# WORK REQUEST
Which lines run from the line with "Brand New Crankcase" through the line with "一緒にコンピューターを使用する入射きき湯ファインヒート ファインヒート(FINE HEAT)" in the entries below? Print them exactly, both ends included, and nothing more.

# DATASET RECORDS
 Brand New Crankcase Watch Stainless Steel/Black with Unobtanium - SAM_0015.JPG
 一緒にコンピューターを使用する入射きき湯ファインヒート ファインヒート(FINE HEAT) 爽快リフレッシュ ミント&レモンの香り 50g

...

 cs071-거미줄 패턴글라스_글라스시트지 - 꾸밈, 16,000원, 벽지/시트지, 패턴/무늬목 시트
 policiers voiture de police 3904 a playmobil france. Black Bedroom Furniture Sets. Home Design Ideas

==

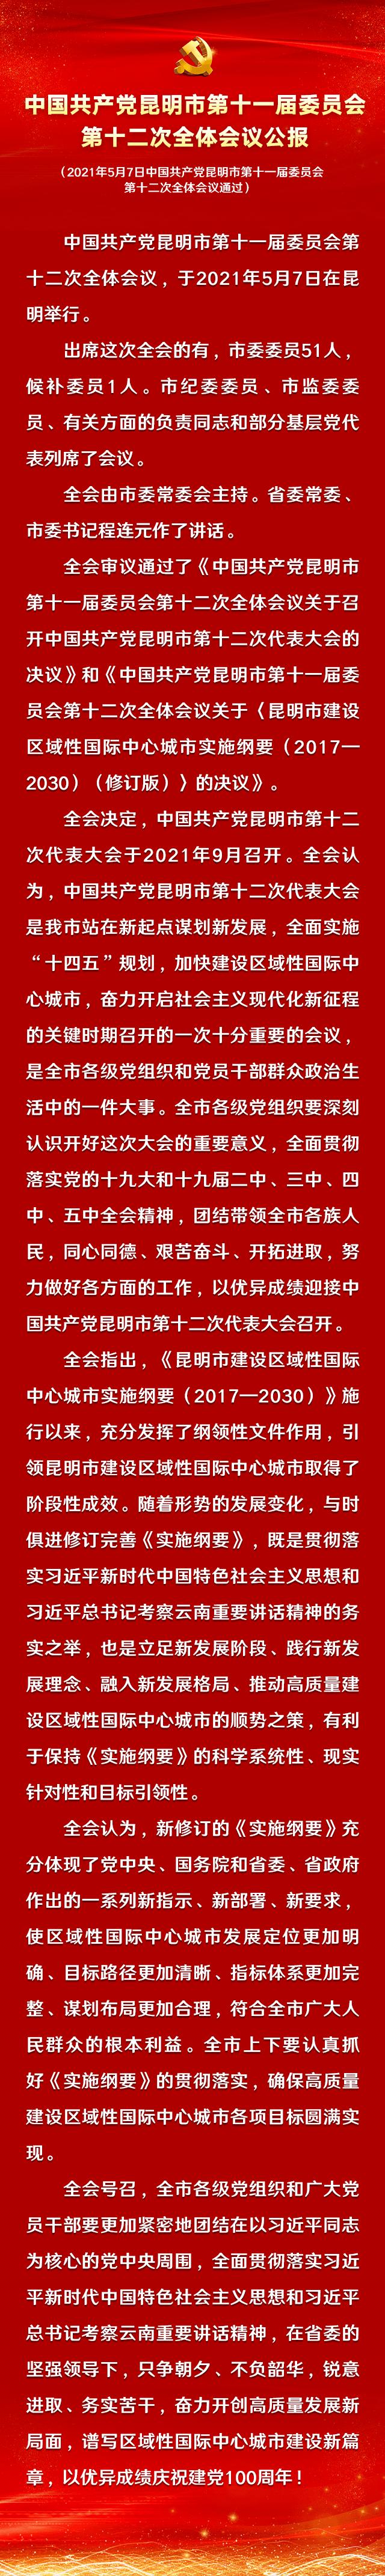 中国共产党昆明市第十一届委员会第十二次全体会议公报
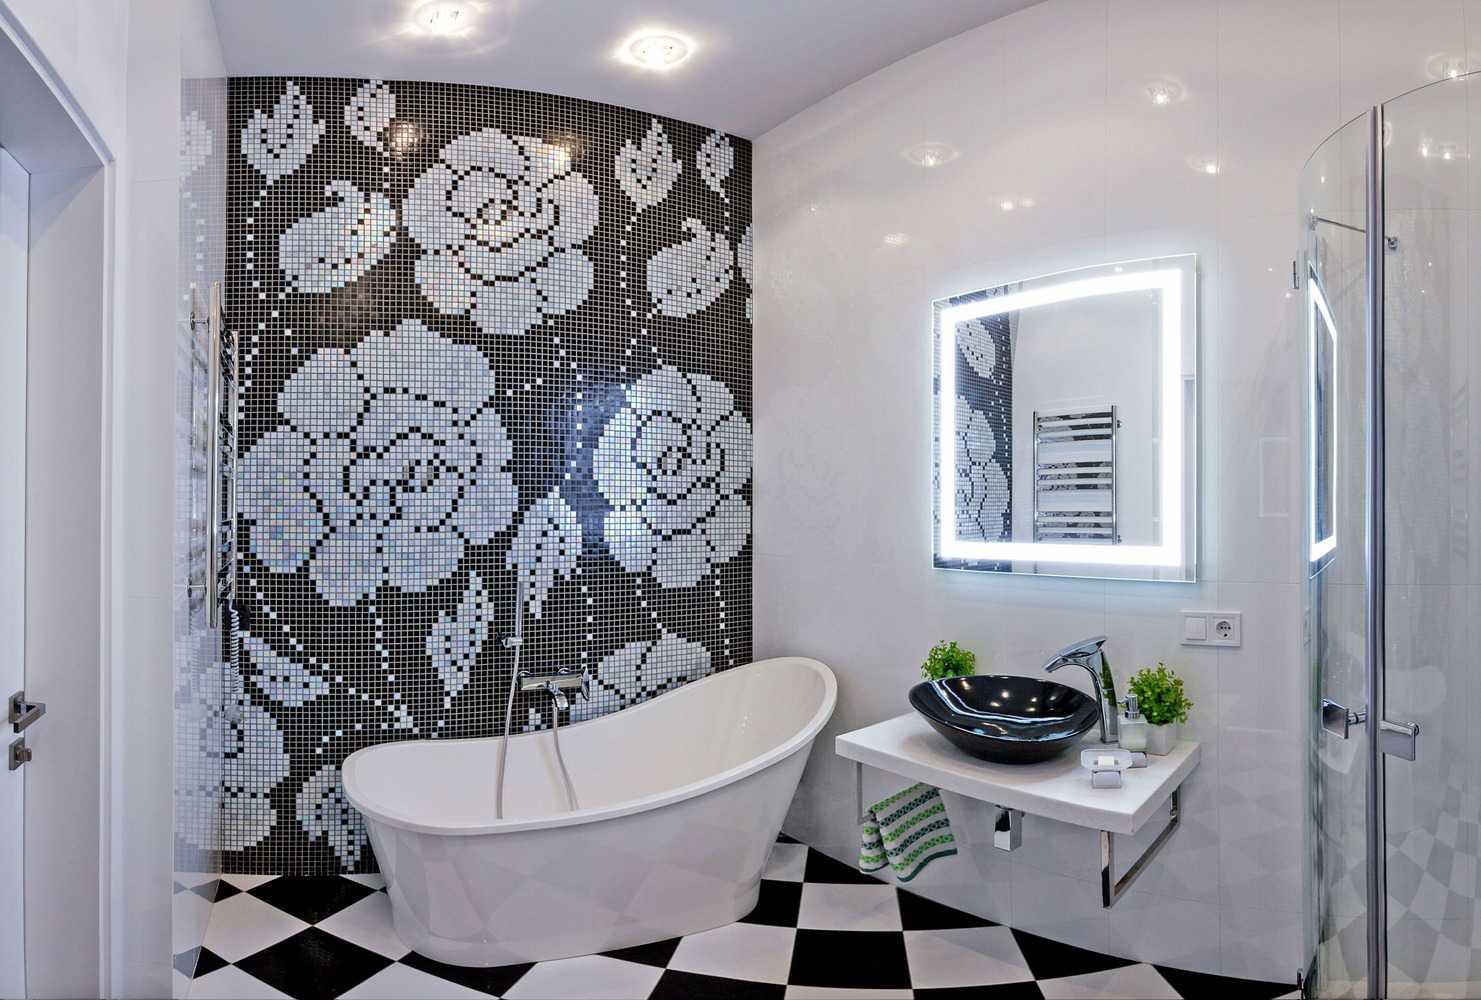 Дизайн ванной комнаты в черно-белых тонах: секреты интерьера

# RESPONSE TO THE EXERCISE
 Brand New Crankcase Watch Stainless Steel/Black with Unobtanium - SAM_0015.JPG
 一緒にコンピューターを使用する入射きき湯ファインヒート ファインヒート(FINE HEAT) 爽快リフレッシュ ミント&レモンの香り 50g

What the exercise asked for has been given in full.